In my opinion, this website exists to sell rifles to inexperienced hunters. The reviews on the rifles consist of gushing praise and uninformed opinions, without any attempt to actually describe the equipment in a way that would tell a person what makes it better than any other rifle. Almost every sentence would raise the eyebrows of any experienced rifleman and most hunters. Use this site for familiarization, then move on to other sources that have actually done objective testing and know what riflemen are looking for in a new product.


----------



## Freethought (Jan 10, 2016)

ronaldburr said:


> Hi,
> I am planning to buy hunting rifles for my next hunt. I got a website *Best Hunting Rifle | The #1 Source Best Hunting Rifle Site*. If anyone has any idea about this website, please share your opinion.
> Thank you


 WHat sort of game and terrain? What are folks hunting the same locales using? Makes no sense to utilise a brush type caliber ( example .30-30) in terrain where the majority of game is 200 plus yards out.

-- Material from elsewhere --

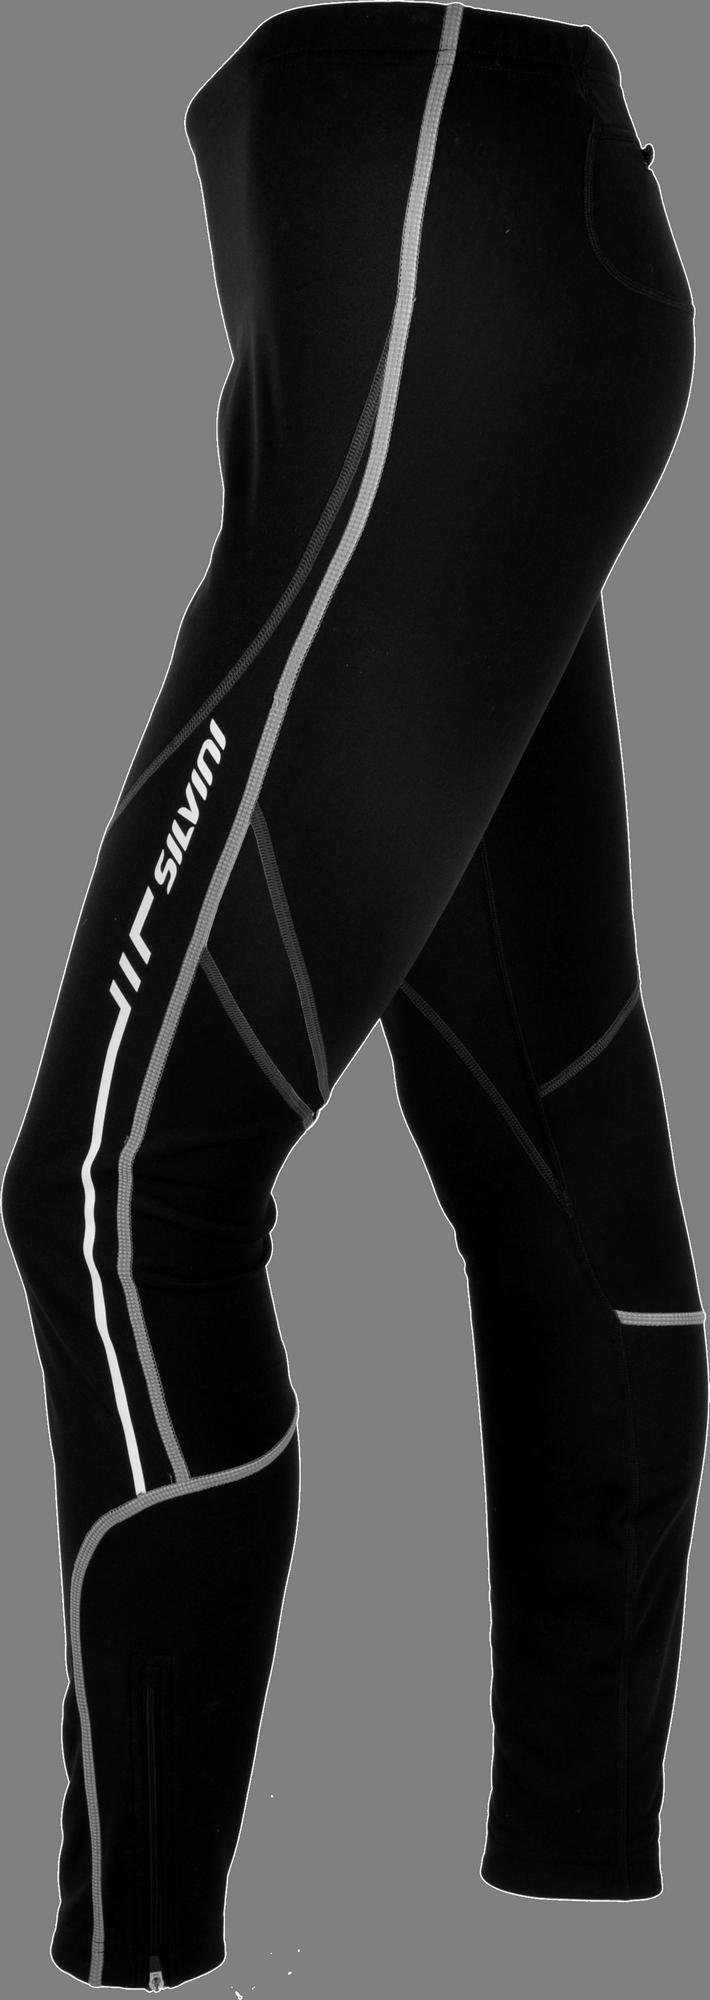 60d267501251d Dámske cyklistické nohavice dlhé Silvini Movenza WP55P s cyklovložkou

Firearms are very much a " horses for courses" type of proposition. And don't *cheap out* on your initial purchase of rifle and glass , as regards the latter , budget as much for glass as you do the rifle , good glass makes the rifle not vice versa.

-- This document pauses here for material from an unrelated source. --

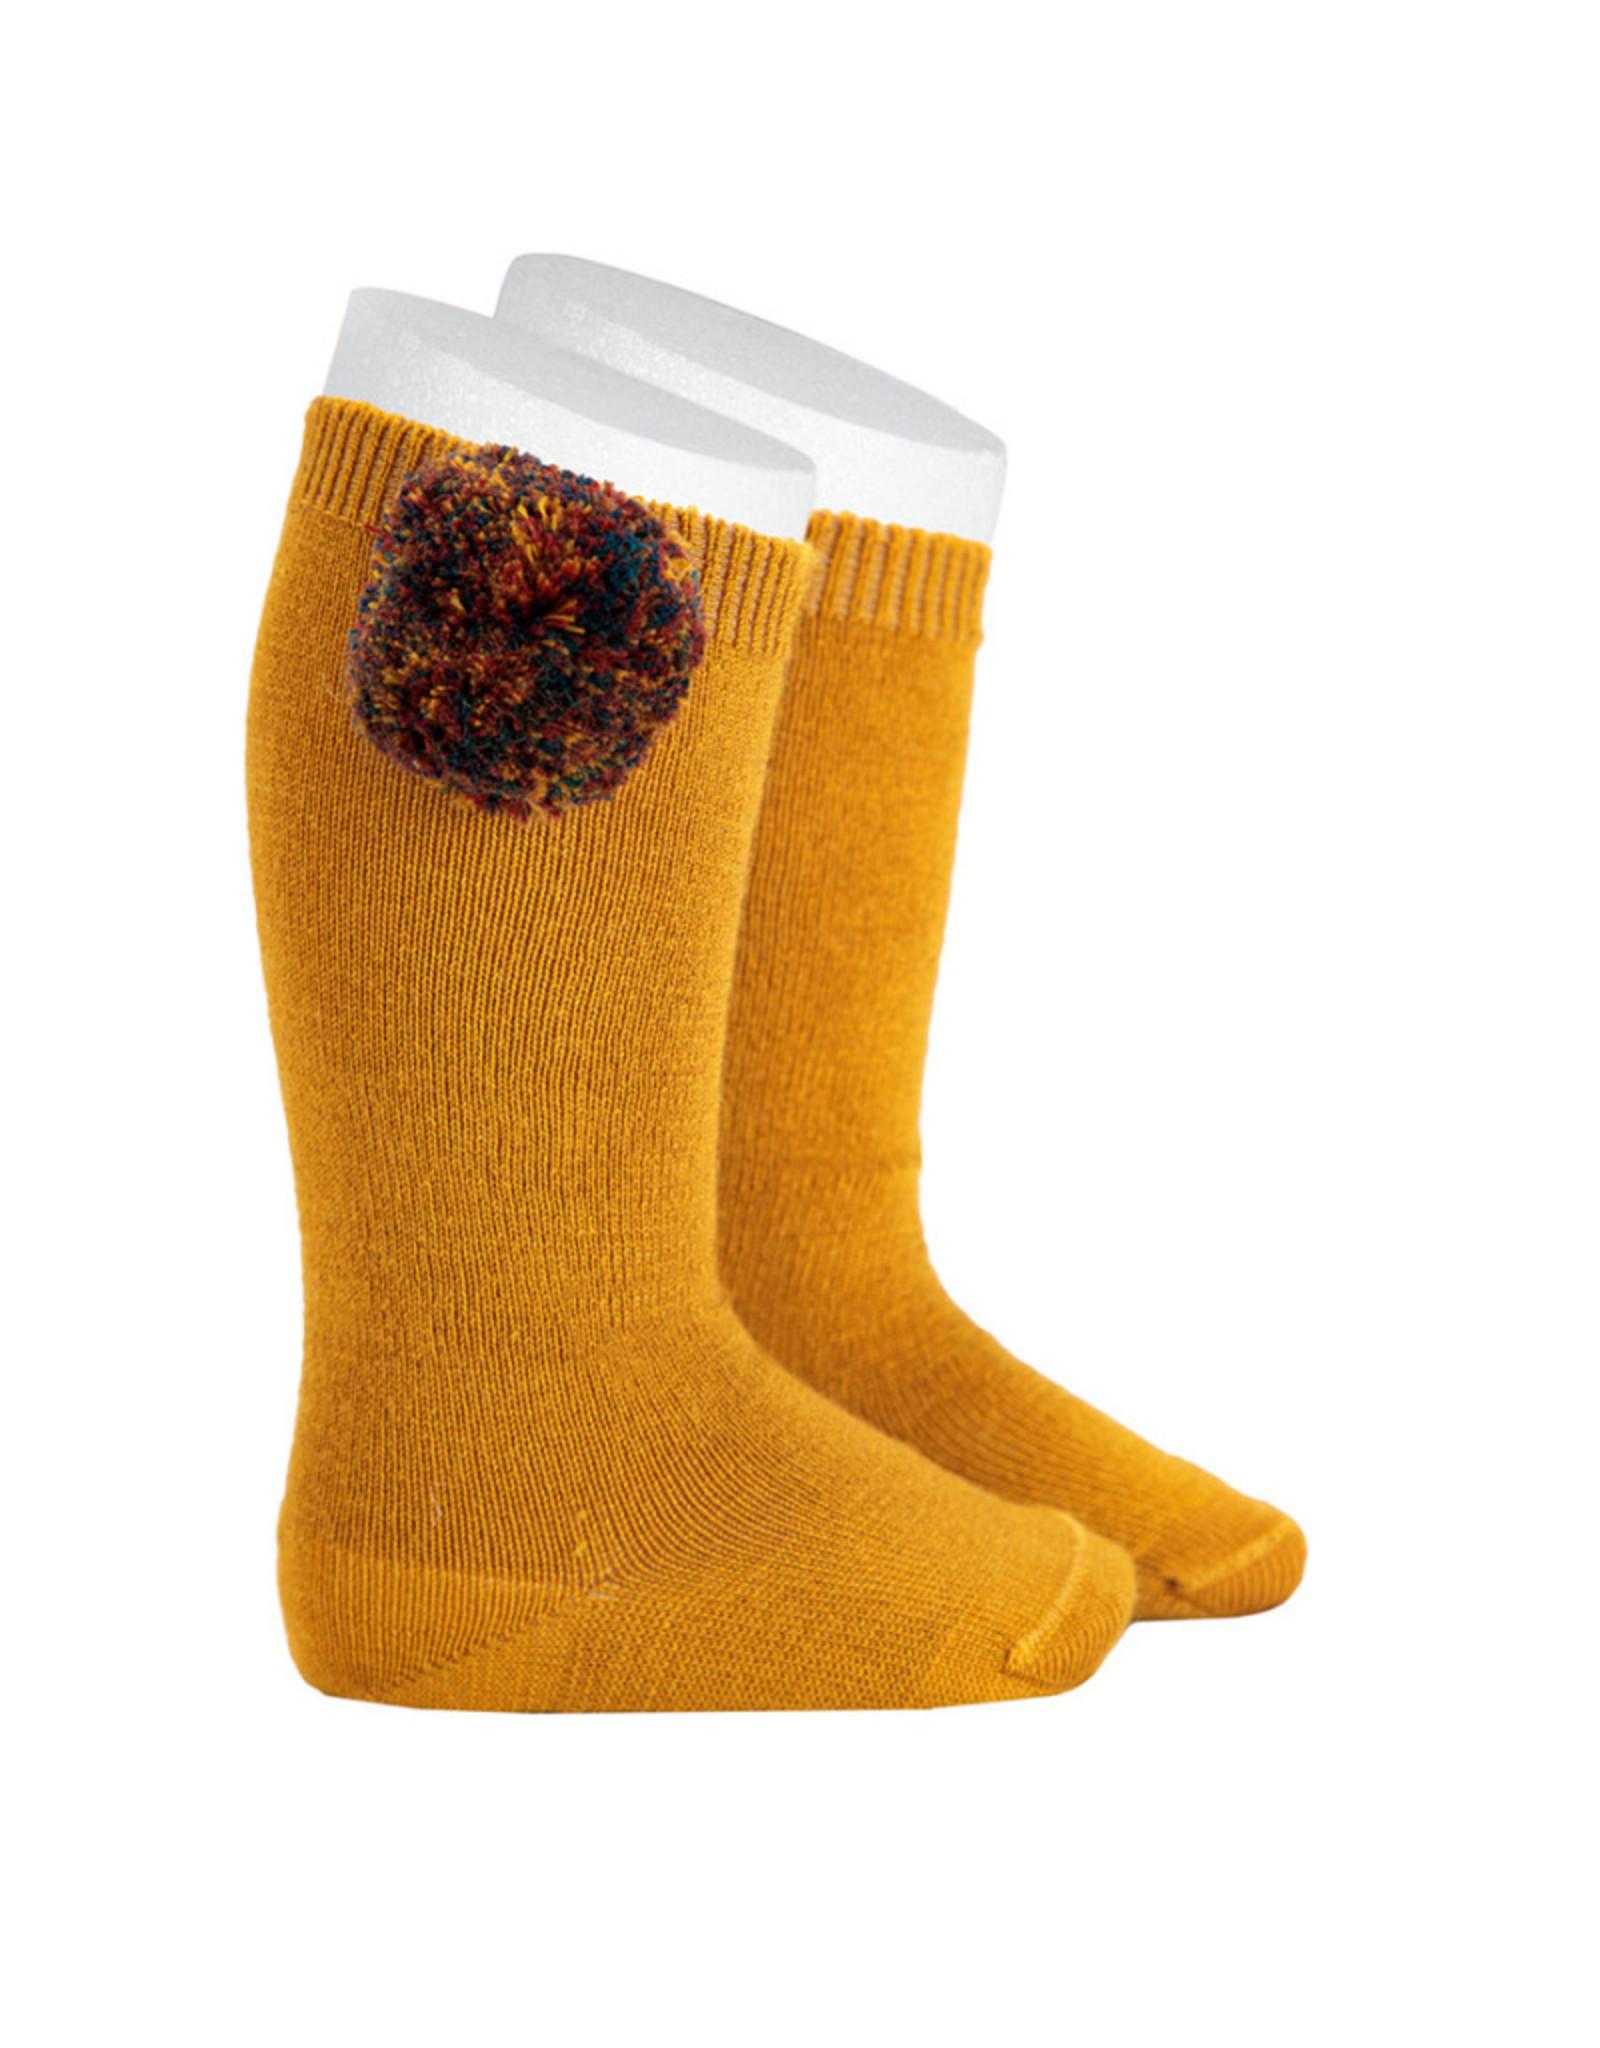 CONDOR Wool Pompom Knee Socks

If hunting where glass is not required it is often advantageous to look to a good set of sights.


----------



## CW (Mar 20, 2015)

What do you want to hunt ... varmint - big game - blended?

Typical range - 100 yards, 300, yards, 1000 yards?

Cost factor? good gun, great gun, tricked out-custom barreled-euro style-engraved.........

See, no simple answer and even we can play favorites.


Psst: Rem 788 in .243, 3x9 Nikon, Timney trigger, Boyds thumbhole, bipod. Everything from chucks to whitetail, even a PA black bear. 
But a 3 shot bolt-action is not good for close hunting wild pig let alone a .243 for much west of the Mississippi.


----------